In that example, I don't see how I can create the mesh1dregion and also not the larger model region that contains 1D + 2D (not that it is needed per say I guess, unless hydromt enforces to have a component called region by default).

Unless we add a new function only for Delft3D that overwrites the core region.create method like region.finalize to create the region from mesh1d.total_bounds? But that does not seem too handy I think and maybe extra burden for the user.

image

hboisgon avatar Mar 22 '24 01:03 hboisgon

I see your point @hboisgon. We now allow for a region to be shared by one or more components, But a component can only have one region. You want multiple (sub)regions per component.

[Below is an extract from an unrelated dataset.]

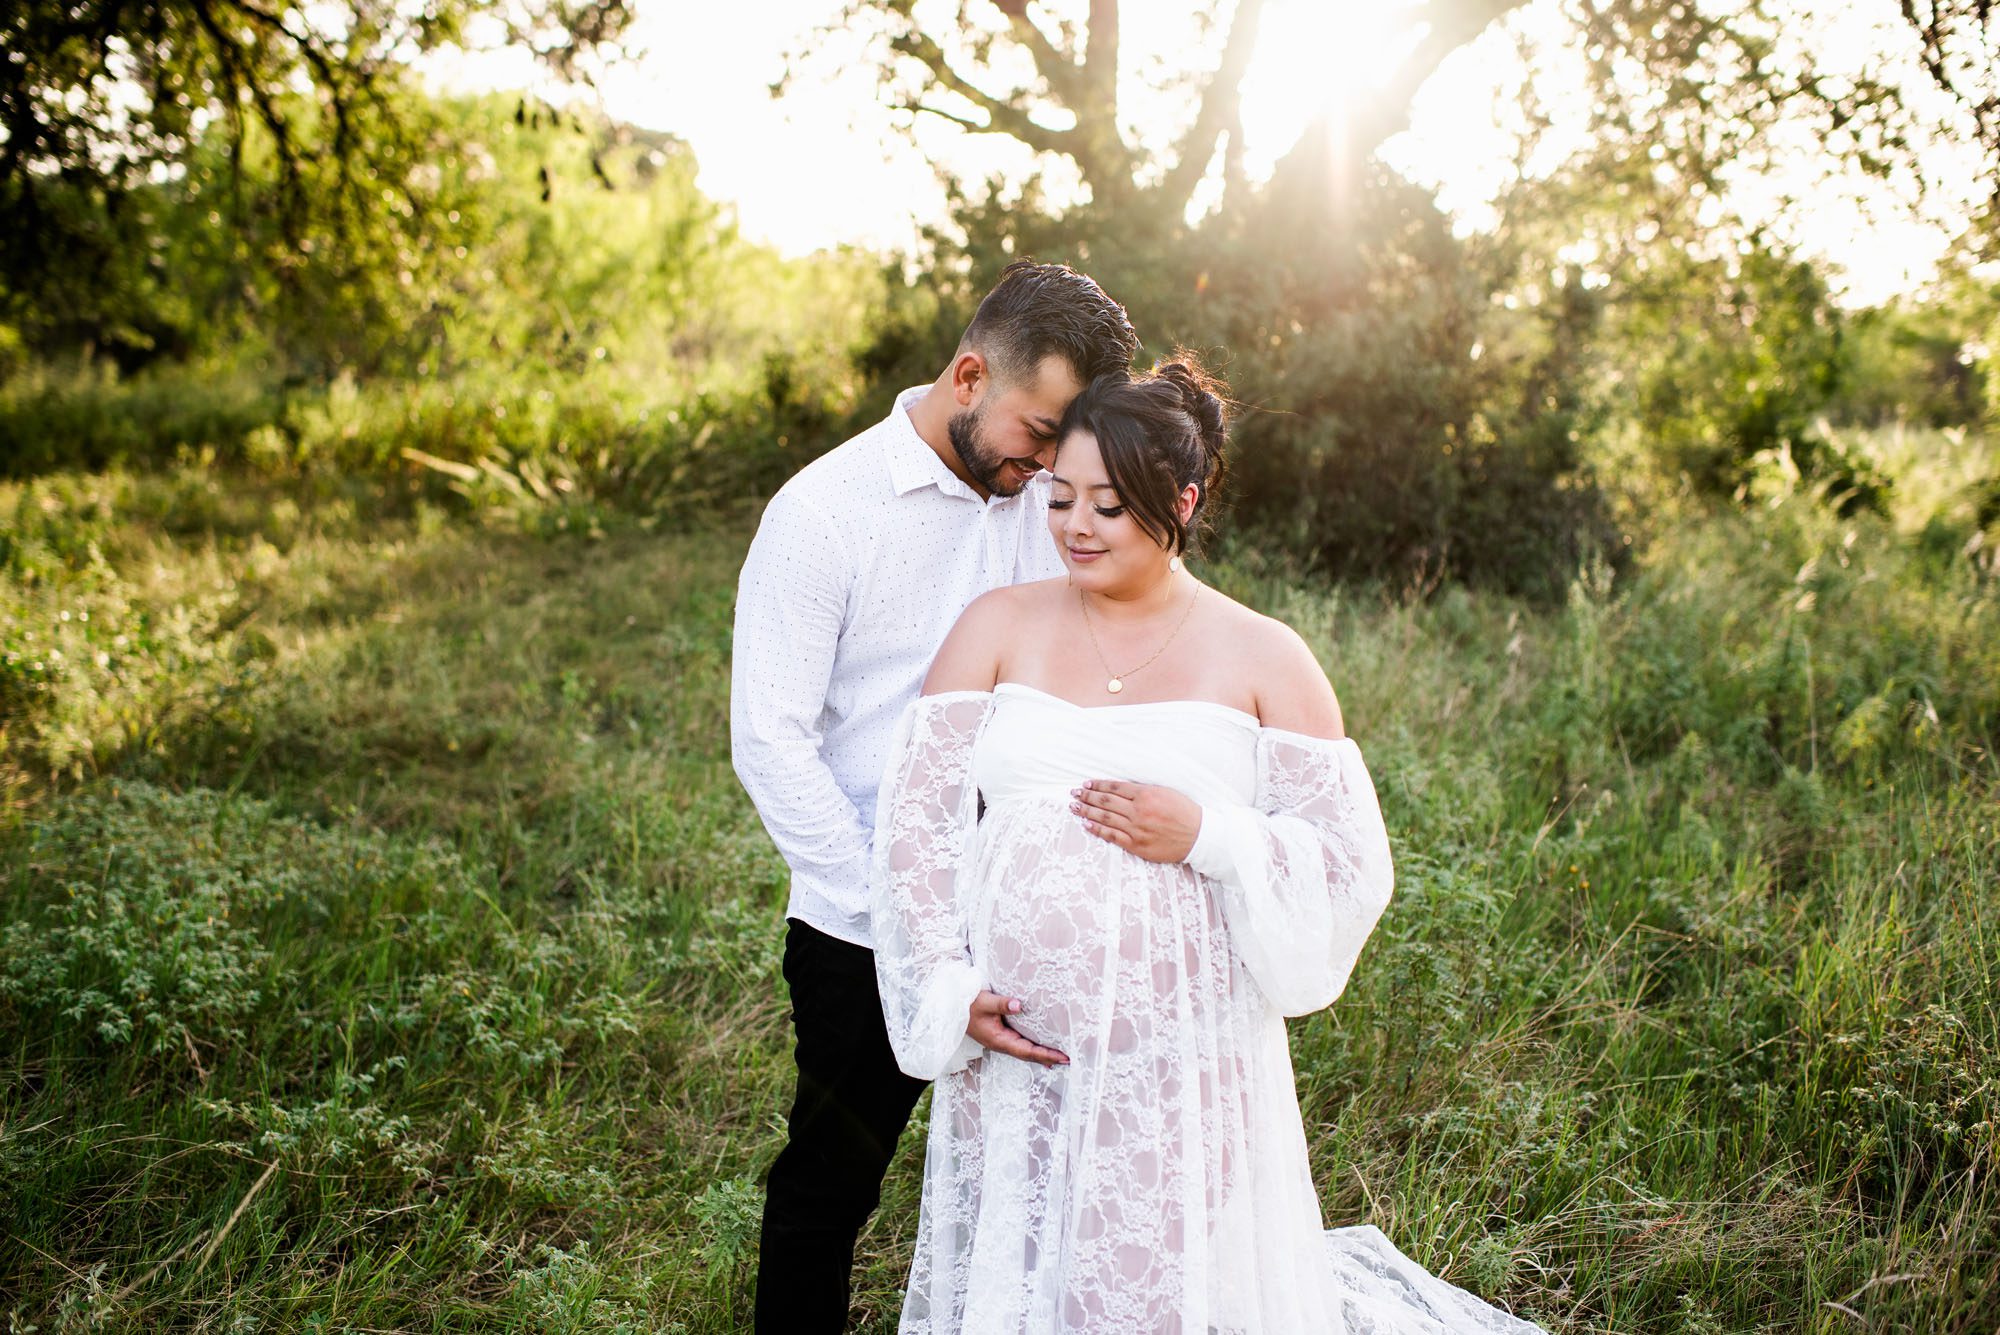 Expectant couple standing together in field at sunset, Best San Antonio maternity lifestyle photographers
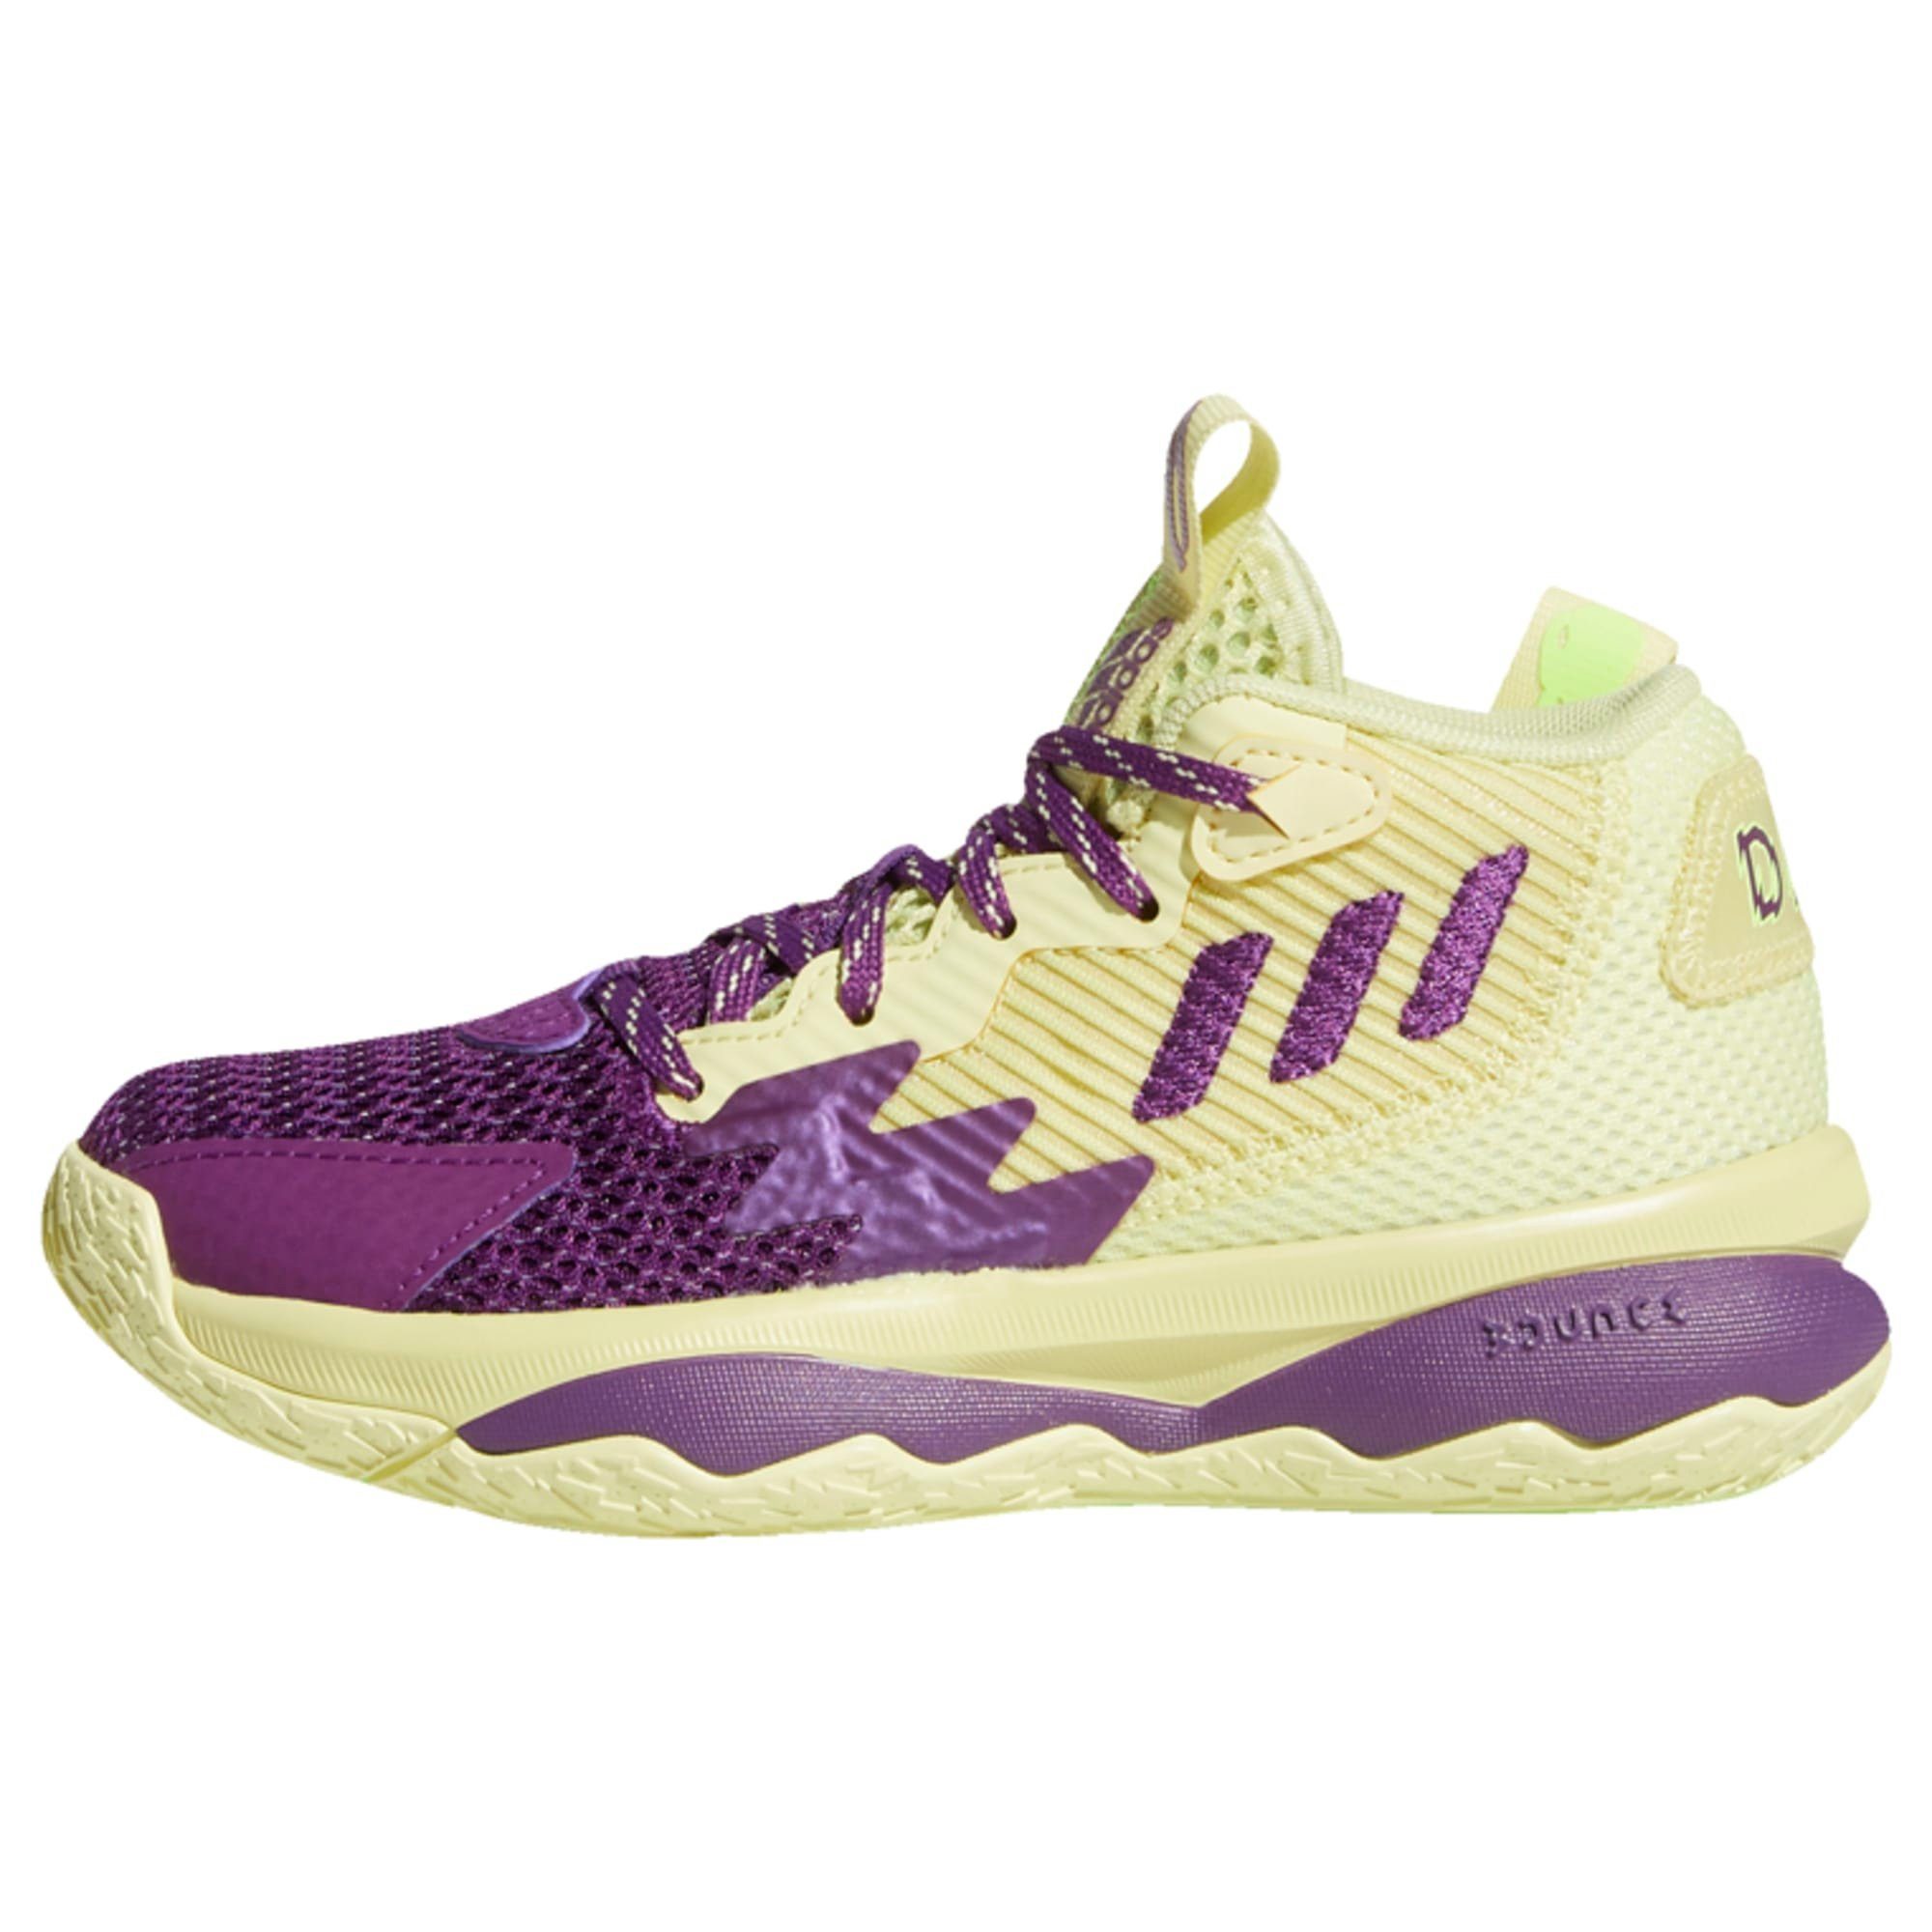 adidas Performance »Dame 8 Schuh« Fitnessschuh | OTTO

I wonder however if we can do this in core in a generic way. The main purpose of the ModelRegionComponent linked to a component class is to know what area to request data for in the add_xx_data methods, right? How could we in a generic way know for which method to use what region if the component has multiple regions?

In the plugin you know because the methods are specific for a certain subcomponent of mesh. Wouldn't it therefore be much easier to solve for this in the mesh component of the plugin by adding the subcomponent regions as properties to your subclass of the mesh component? These also wouldn't necessarily need to be of the ModelRegionComponent type but simply GeoDataFrame objects, which you could also read and write as part of the mesh read and write methods.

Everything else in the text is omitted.